KARACHI—The Karachi Central Jail, an elegant, 111-year-old, fortress-like sandstone building, is home to some of Pakistan's most notorious prisoners. Ahmad Omar Sheikh, one of the men who killed Wall Street Journal reporter Daniel Pearl, is housed here, along with the extremists who attacked the U.S consulate in Karachi in 2006. Behind its arched, rust-colored metal gate, convicted murderers and petty criminals mingle in bare, cramped barracks that were meant for 1,800 but hold 3,800.
Despite the massive overcrowding, the jail's superintendent, Nusrat Hussain Mangan, keeps one group of prisoners in separate accommodations, with three or four per room: religious extremists. There are more than 150 of them in this all-male prison -- about 5 percent of the prison population -- confined to their quarters for most of the day. Their hearts and minds, rather than anything they can do with their hands, make them dangerous. "To save the other prisoners from the terrorists, we keep them in," Mangan says. "They have enough conviction in what they think that they can influence others who can be easily molded."
As NATO forces are at work against the Taliban in next-door Afghanistan, Pakistan's counterterrorism efforts in recent years have centered on military offensives, with the army targeting the Taliban and al Qaeda in the northwest belt bordering Afghanistan. Little has been done, however, to tackle militancy in urban settings like Lahore and Karachi, save a few reactive gun-battles that follow after militants have already staged attacks. Less still has been undertaken to eradicate the ideology that fuels this violence.
In fact, Pakistan's prisons today achieve the opposite. Extremist prisoners, like those in the Karachi Central Jail, are instead given too much access to one another (sharing jail cells and radical ideas) and too little access to anyone -- psychologists, imams, or social workers -- who might be able to change their minds about waging jihad. Prisoners leave jail even more confident of their fundamentalist views. And that's particularly bad news, since most of those prisoners will indeed be let go.

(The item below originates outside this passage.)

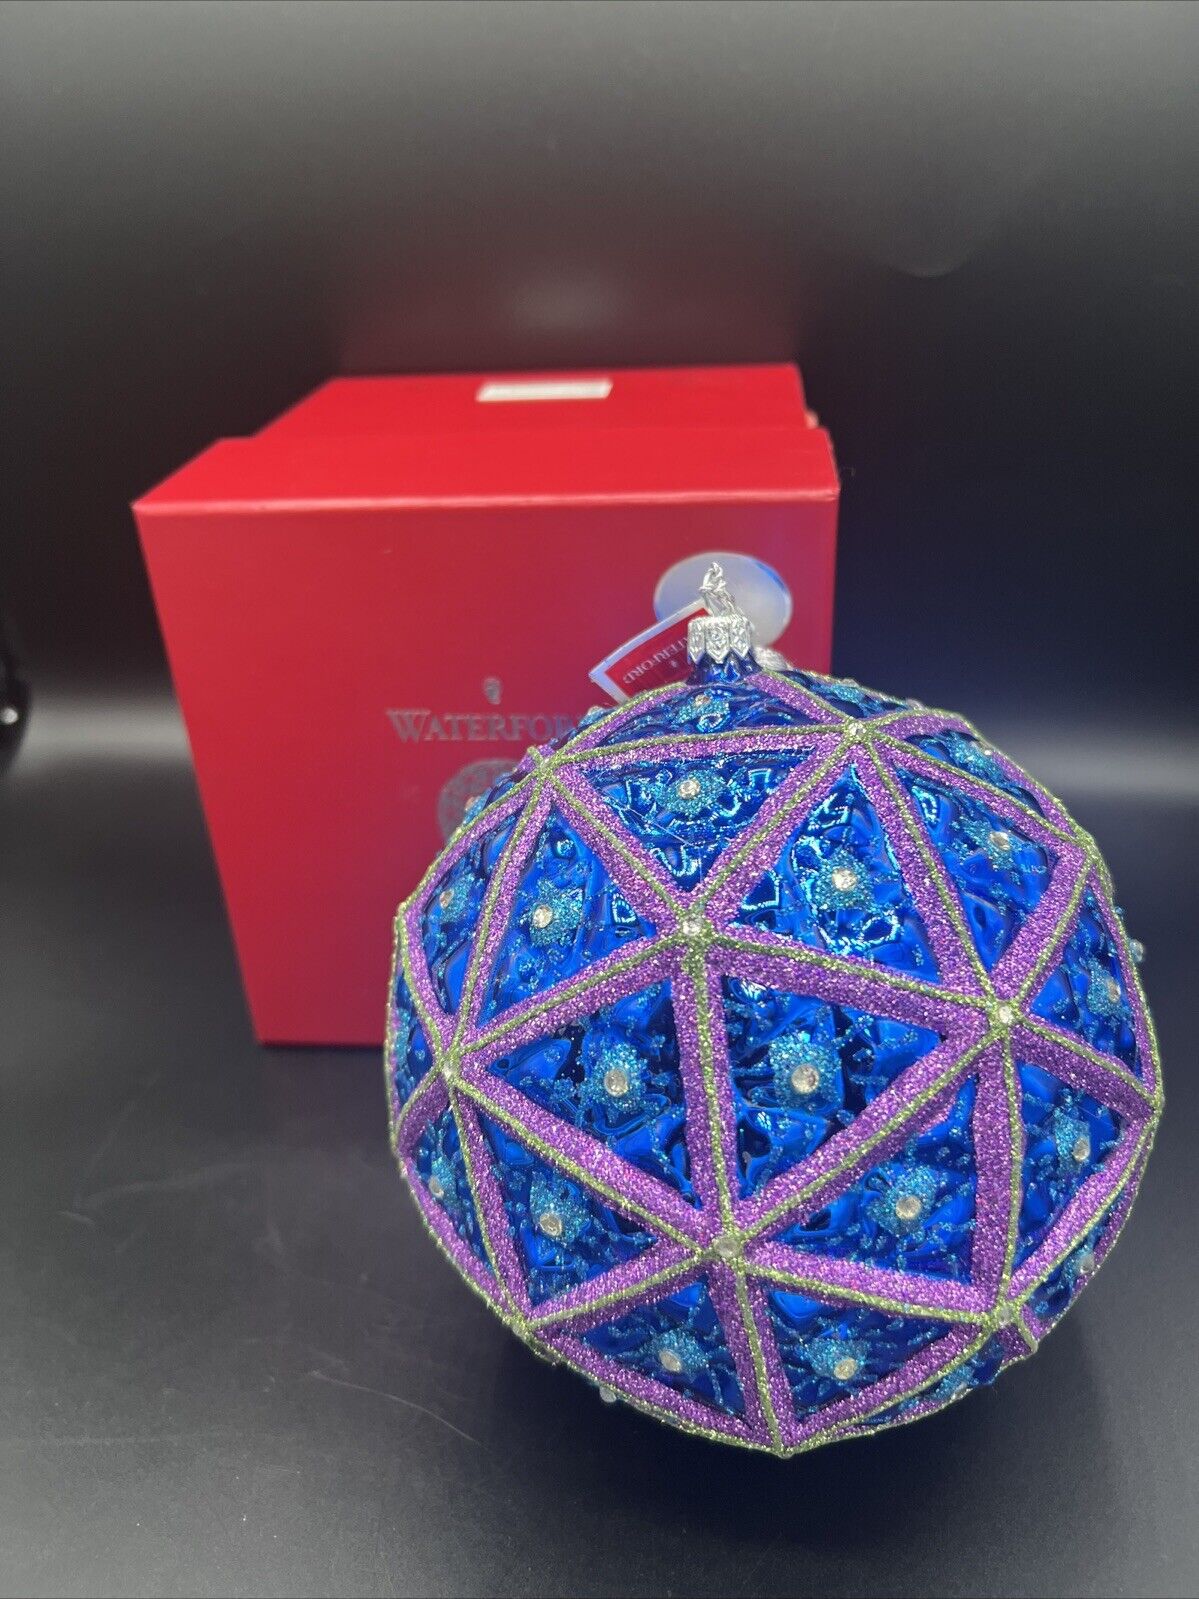 Waterford Times Square Masterpiece Ball 2017 Gift Of Kindness 6” Blown Glass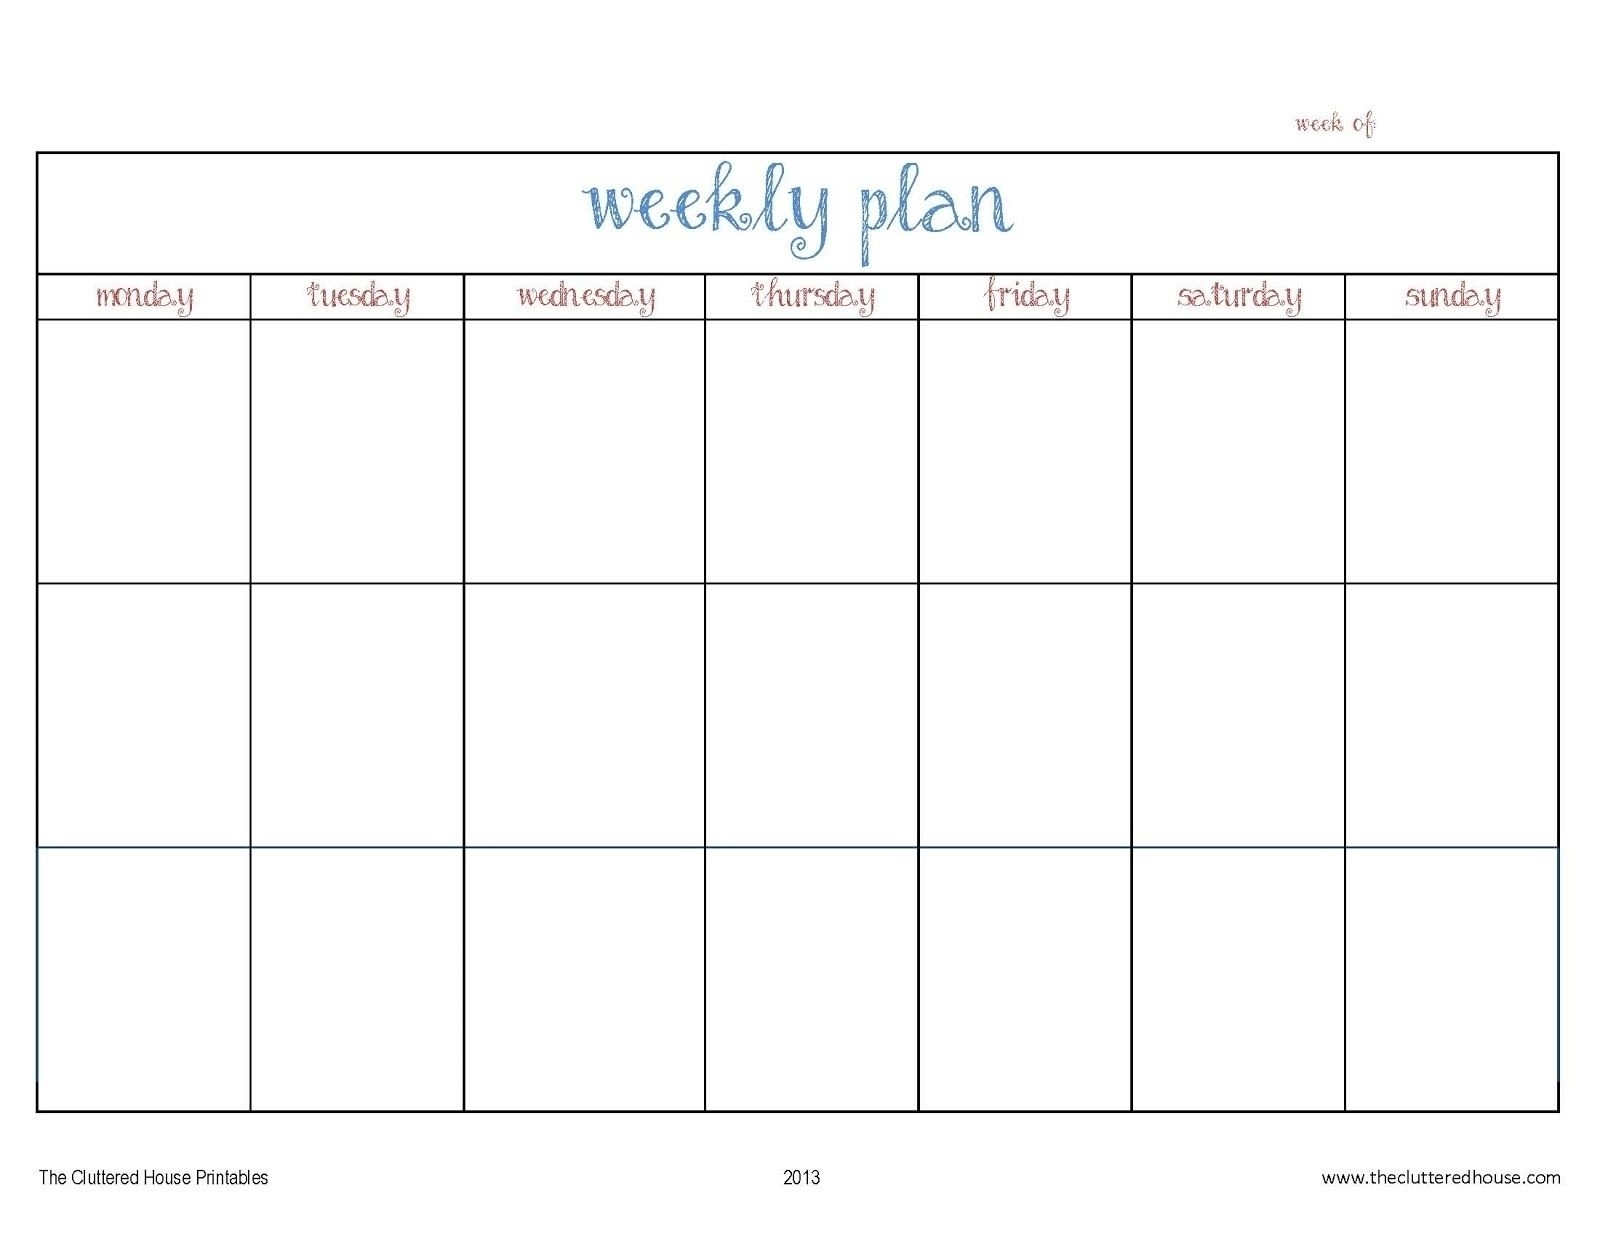 7 Day Weekly Planner Template Printable - Template

The kind of men we're talking about are epitomized in Mohammad Shahid Hanif, an extremist inmate who has spent most of the past nine years of prison reading and re-reading the Quran and other Islamic literature. Until 2001, the 36-year-old was the imam of a small mosque in Karachi. Authorities picked him up on suspicions that he helped murder several Shiites and for inciting terrorism in his fiery Friday sermons. He had also used the pulpit to rail against then-president Pervez Musharraf's close alliance with the post-9/11 United States. Hanif denies any role in the murders, but has no qualms about admitting that he spoke forcefully in favor of an outlawed pro-Taliban Sunni extremist group, Sipah-e-Sahaba, and its radical worldview.